> **WORK TO BE COMPLETED**: In the material below, print every line exactly and omit the pictures.

> **PROVIDED DATA**:
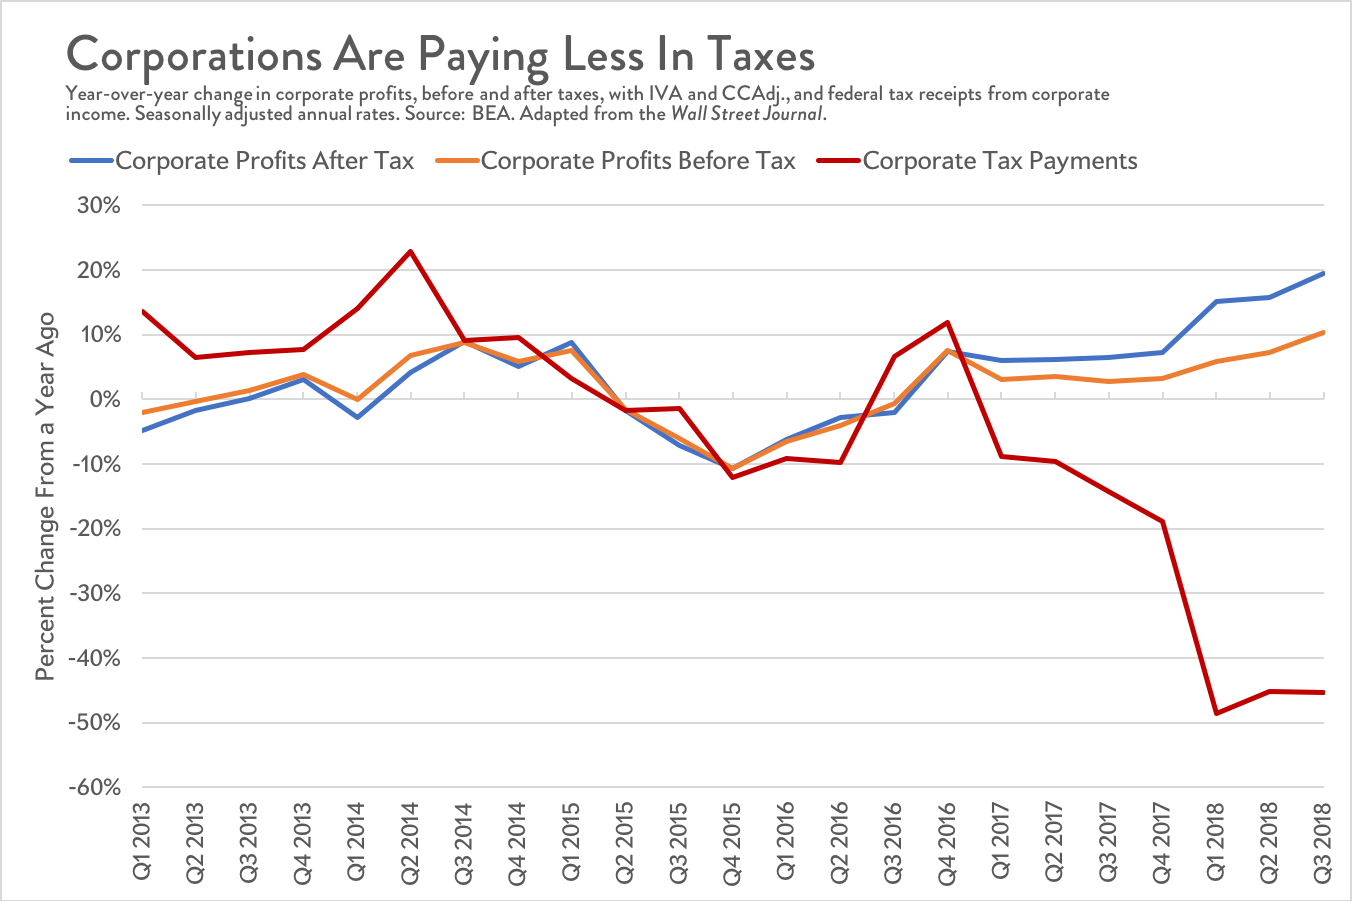 After-tax corporate profits
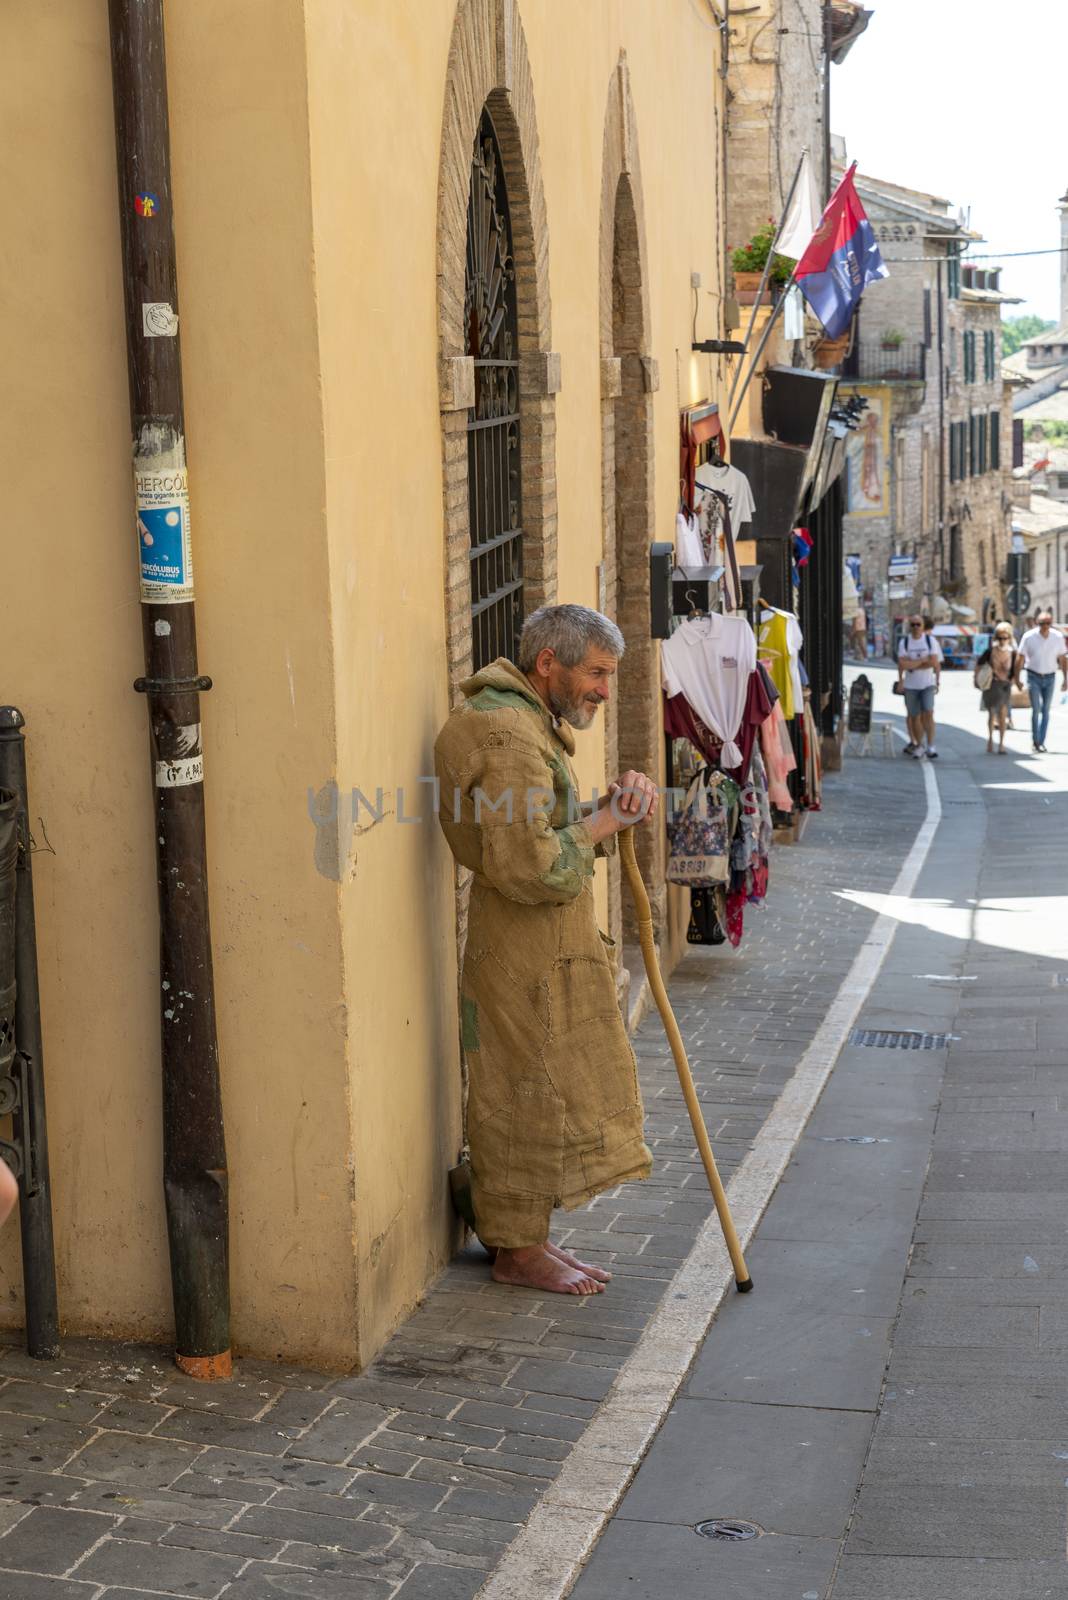 assisi,italy july 11 2020:barefoot hermit asking for alms in a street of assisi
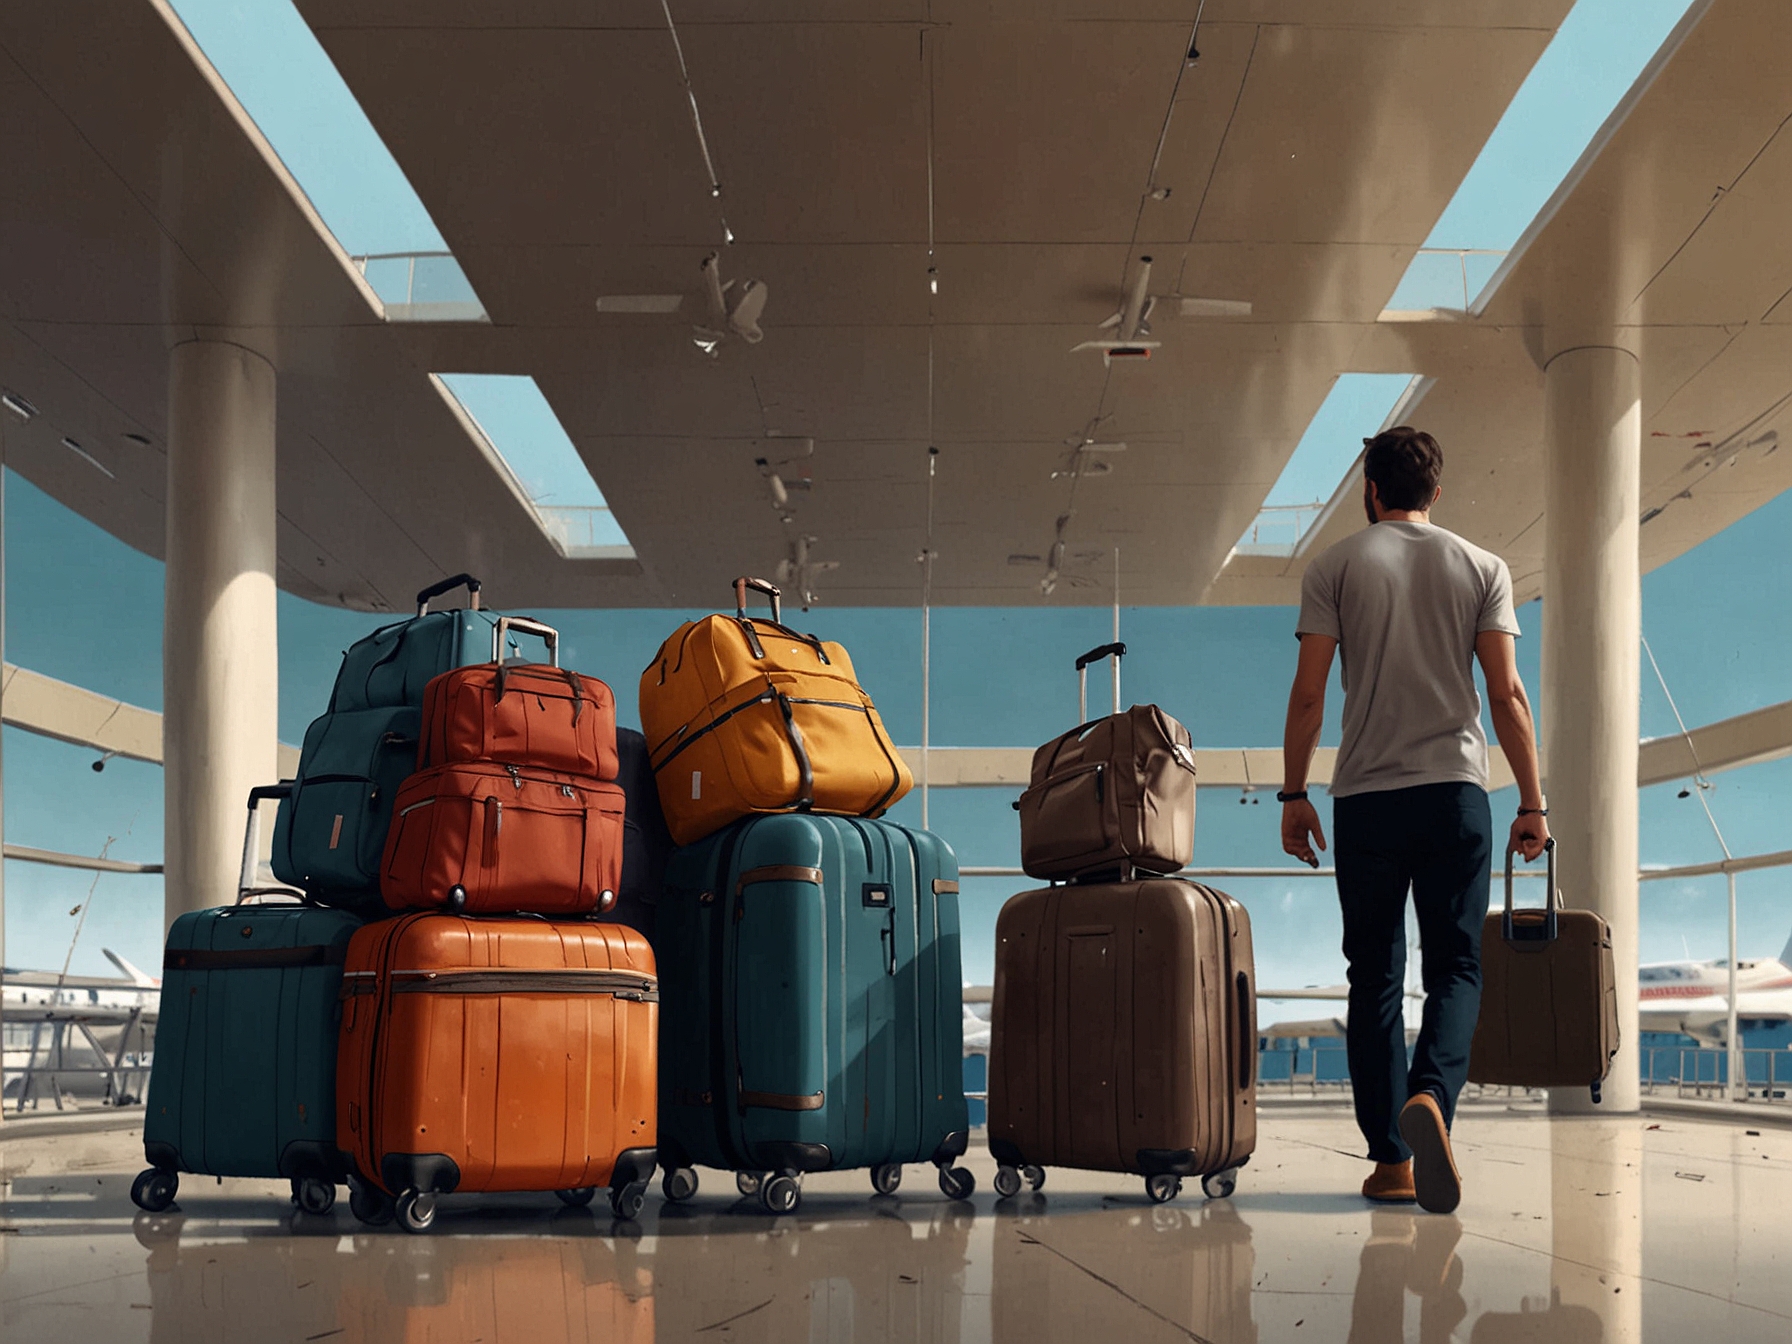 A traveler juggles multiple overpacked suitcases at an airport, illustrating the stress and inconvenience of overpacking and the benefits of packing light.

> **ANSWER TO THE EXERCISE**:
 After-tax corporate profits
 assisi,italy july 11 2020:barefoot hermit asking for alms in a street of assisi
 A traveler juggles multiple overpacked suitcases at an airport, illustrating the stress and inconvenience of overpacking and the benefits of packing light.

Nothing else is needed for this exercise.